Pembelaan berikutnya terkait dengan dakwaan pasal makar atau mufakat jahat untuk menggulingkan pemerintah, maka para Terdakwa menolak dengan keras karena di dalam aqidah Millah Abraham, mereka tidak diperkenankan makar atau melawan pemerintah. Mereka adalah anak-anak negeri yang cinta tanah air dan mengakui eksistensi pemerintahan NKRI ini, serta tidak pernah terlintas dalam niatnya untuk mendirikan Negara dalam Negara, karena bagi mereka semua kekuasaan itu berasal dari Allah Tuhan Semesta Alam. Jika Millah Abraham melakukan makar kepada pemerintah, maka Millah Abraham juga melakukan makar atau kudeta terhadap ketetapan Allah, dan hal ini tidak mungkin ada pada aqidah Millah Abraham. Para Terdakwa menyatakan kesadaran seperti ini didasari oleh firman Allah dalam Al-Quran surat Ali Imran (3) ayat 26-27 dan Alkitab Perjanjian Baru Roma 13: 1-3.
Dengan kata lain, para Terdakwa ini tidak mungkin melakukan upaya makar dengan membentuk organisasi Kelompok Tani bernama Negeri Karunia Tuan Semesta Alam Nusantara yang bergerak dalam bidang pertanian, perikanan dan peternakan ini. Organisasi ini dibentuk bukan dalam rangka untuk menyaingi, mengkritisi ataupun menggantikan pemerintahan Negara ini. Terlebih lagi dalam fakta persidangan tidak ada saksi fakta yang menyatakan organisasi ini melakukan persiapan latihan militer atau pembelian senjata api. Selain itu, organisasi NKTN juga tidak memiliki potensi, kemampuan dan keahlian untuk menandingi eksistensi dari NKRI atau bahkan menggulingkannya.
Dakwaan dan tuntutan ini semakin tidak masuk akal karena di dalam fakta persidangan yang menghadikan saksi fakta dan saksi ahli tidak menunjukkan adanya unsur-unsur dakwaan. Para saksi fakta yang dihadirkan Jaksa Penuntut Umum tidak ada yang memberatkan para Terdakwa, apalagi saksi meringankan yang dihadirkan Penasehat Hukum. Bahkan dari pemeriksaan saksi ahli sejarah dan pemikiran agama, ahli antropologi agama dan ahli pidana menerangkan tidak adanya kesalahan (Mens Rea) maupun unsur perbuatan (Actus Reus) terhadap pasal penodaan agama dan makar dari para Terdakwa.

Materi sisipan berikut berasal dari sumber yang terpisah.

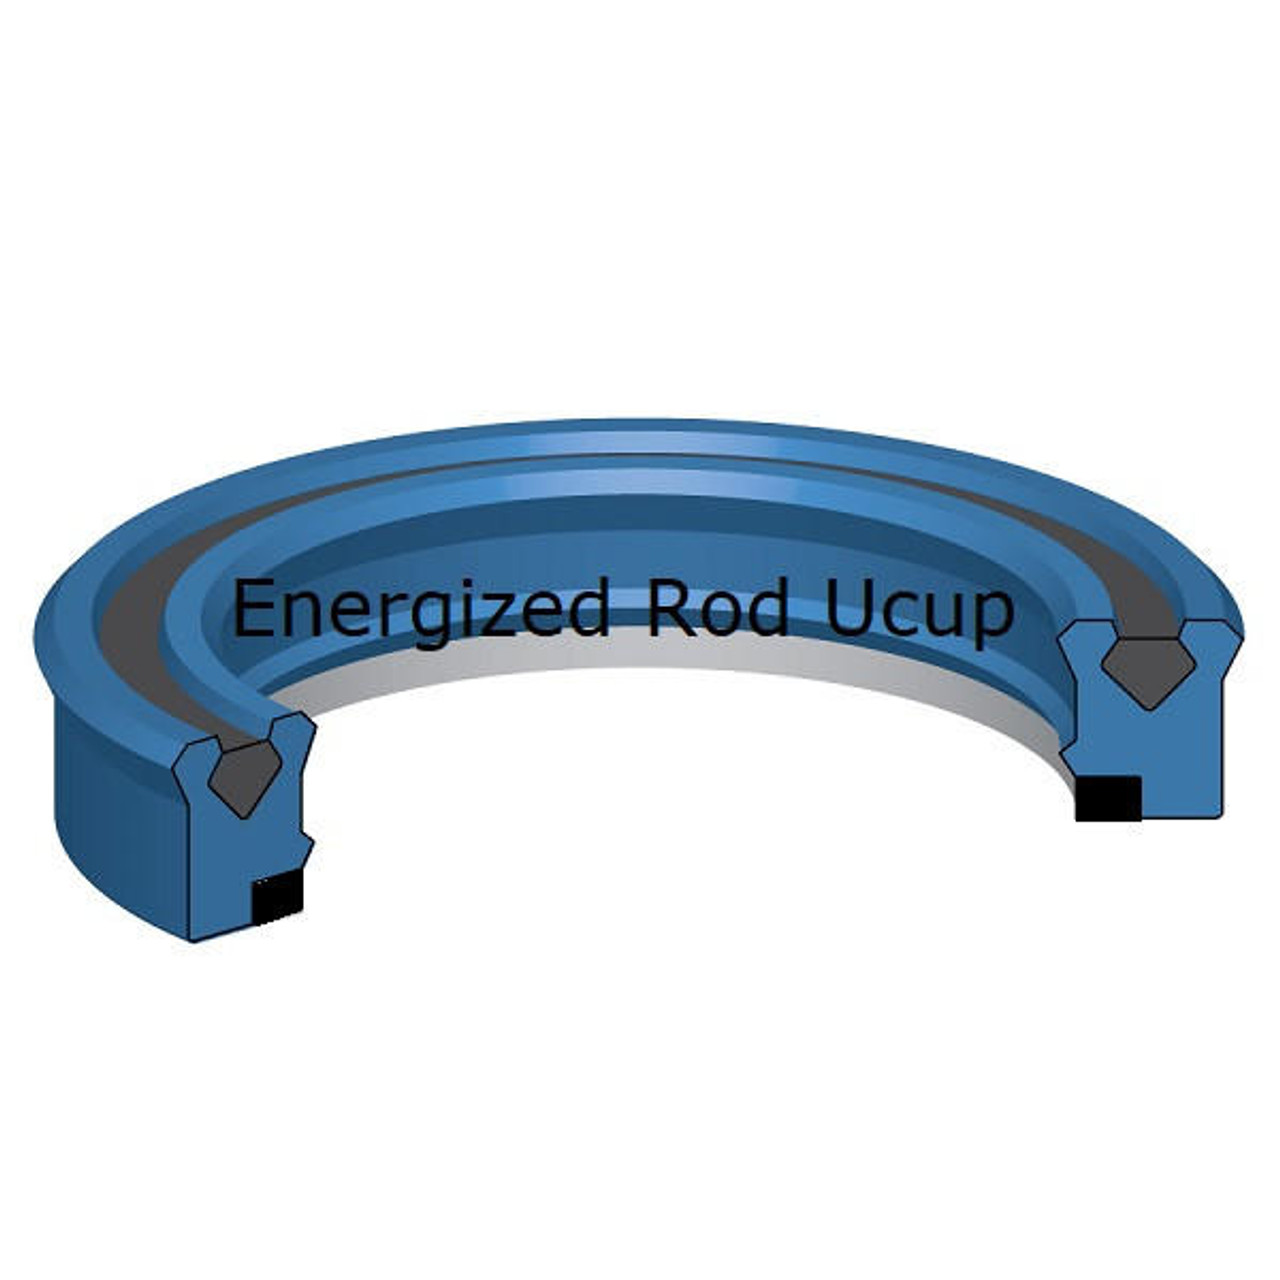 Energized Rod U cup 110mm ID x 130mm OD x 14.6mm Seal  10,000 PSI
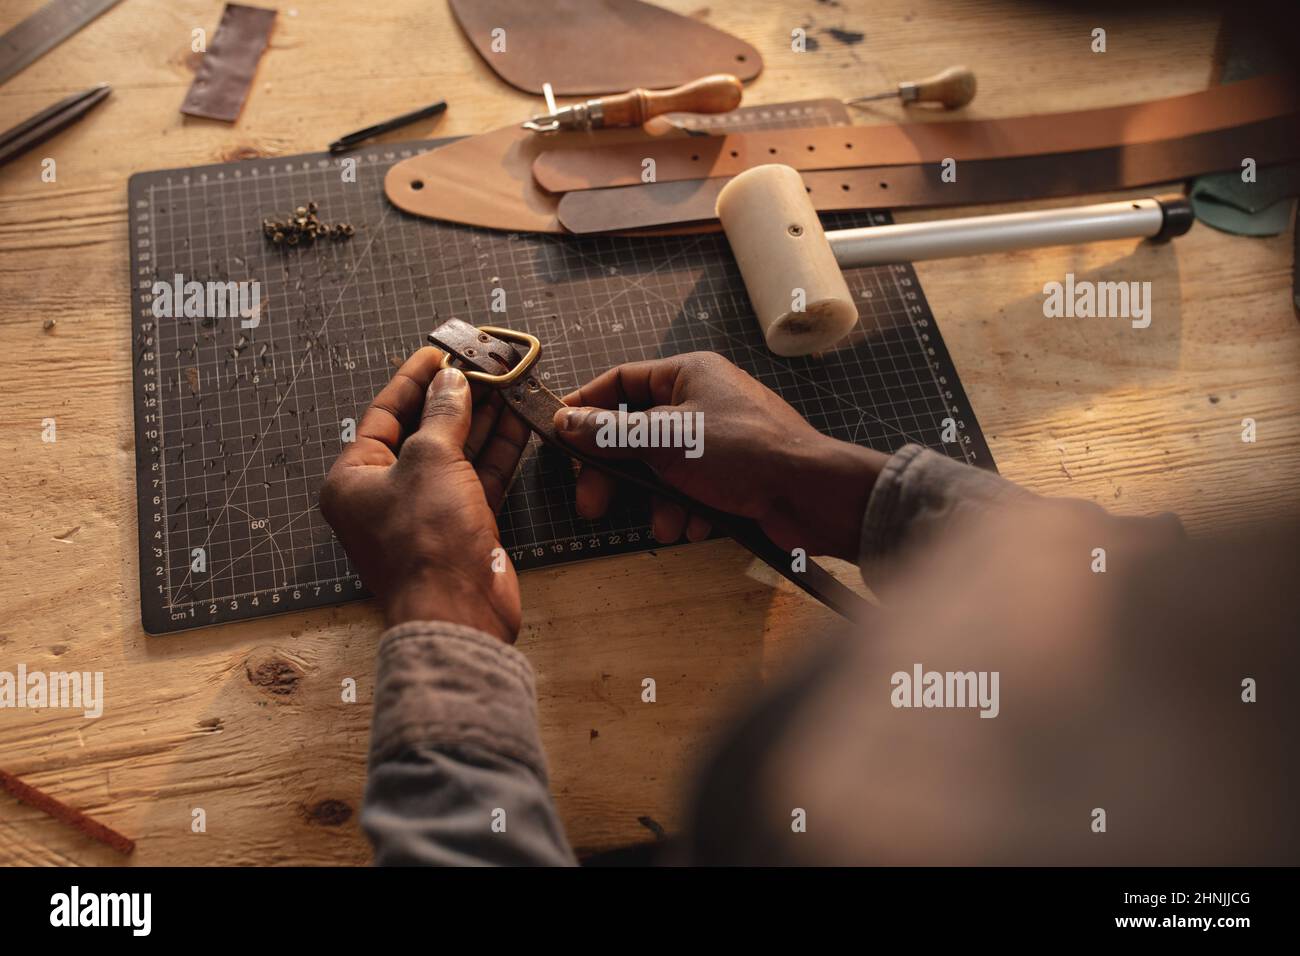 Beschnittene Hände eines jungen afroamerikanischen Handwerkers, der an der Werkbank eine Schnalle am Ledergürtel festhält Stockfoto

Proses persidangan telah berjalan sebanyak 23 kali selama hampir 4 bulan sampai dengan pembacaan pembelaan ini. Semua fakta persidangan sudah diuji dan diperiksa dalam majelis pengadilan yang mulia ini. Oleh karena itu, berdasarkan fakta-fakta di dalam persidangan dan pembelaan dari para Terdakwa maupun pledoi dari Penasehat Hukum, maka dakwaan dan tuntutan Jaksa Penuntut Umum harus DITOLAK.
Pasca pembelaan ini, bola bergulir kepada Majelis Hakim yang mulia. Replik dan duplik sudah disepakati bersama secara lesan untuk tetap pada tuntutan dari JPU dan tetap pada pembelaan dari Penasehat Hukum. Kini, semua warga republik ini menunggu keadilan dan kebijaksanaan dari Majelis Hakim yang mulai yang akan memutuskan dan mengadili perkara ini DEMI KEADILAN BERDASARKAN KETUHANAN YANG MAHA ESA pada hari Kamis tanggal 7 Maret 2017.
Para Terdakwa hanya memohon kepada Majelis Hakim untuk benar-benar adil dalam memutuskan perkara ini, terlebih lagi Hakim adalah Mandataris Tuhan YME di muka bumi, yang terikat dengan Sumpah dan Janji sebagaimana diatur dalam pasal 30 ayat (2) Undang-Undang Nomor 4 tahun 2004 tentang Kekuasaan Kehakiman. Kebenaran dan keadilan benar-benar sedang diuji dalam persidangan kasus penodaan agama dan makar yang sedang marak terjadi di Negeri Indonesia ini. “Bhineka Tunggal Ika Tan Hanna Darma Mangrwa, Berbeda-beda Tetap Satu dan Kebenaran Tidak Pernah Mendua”. Semoga Begitu.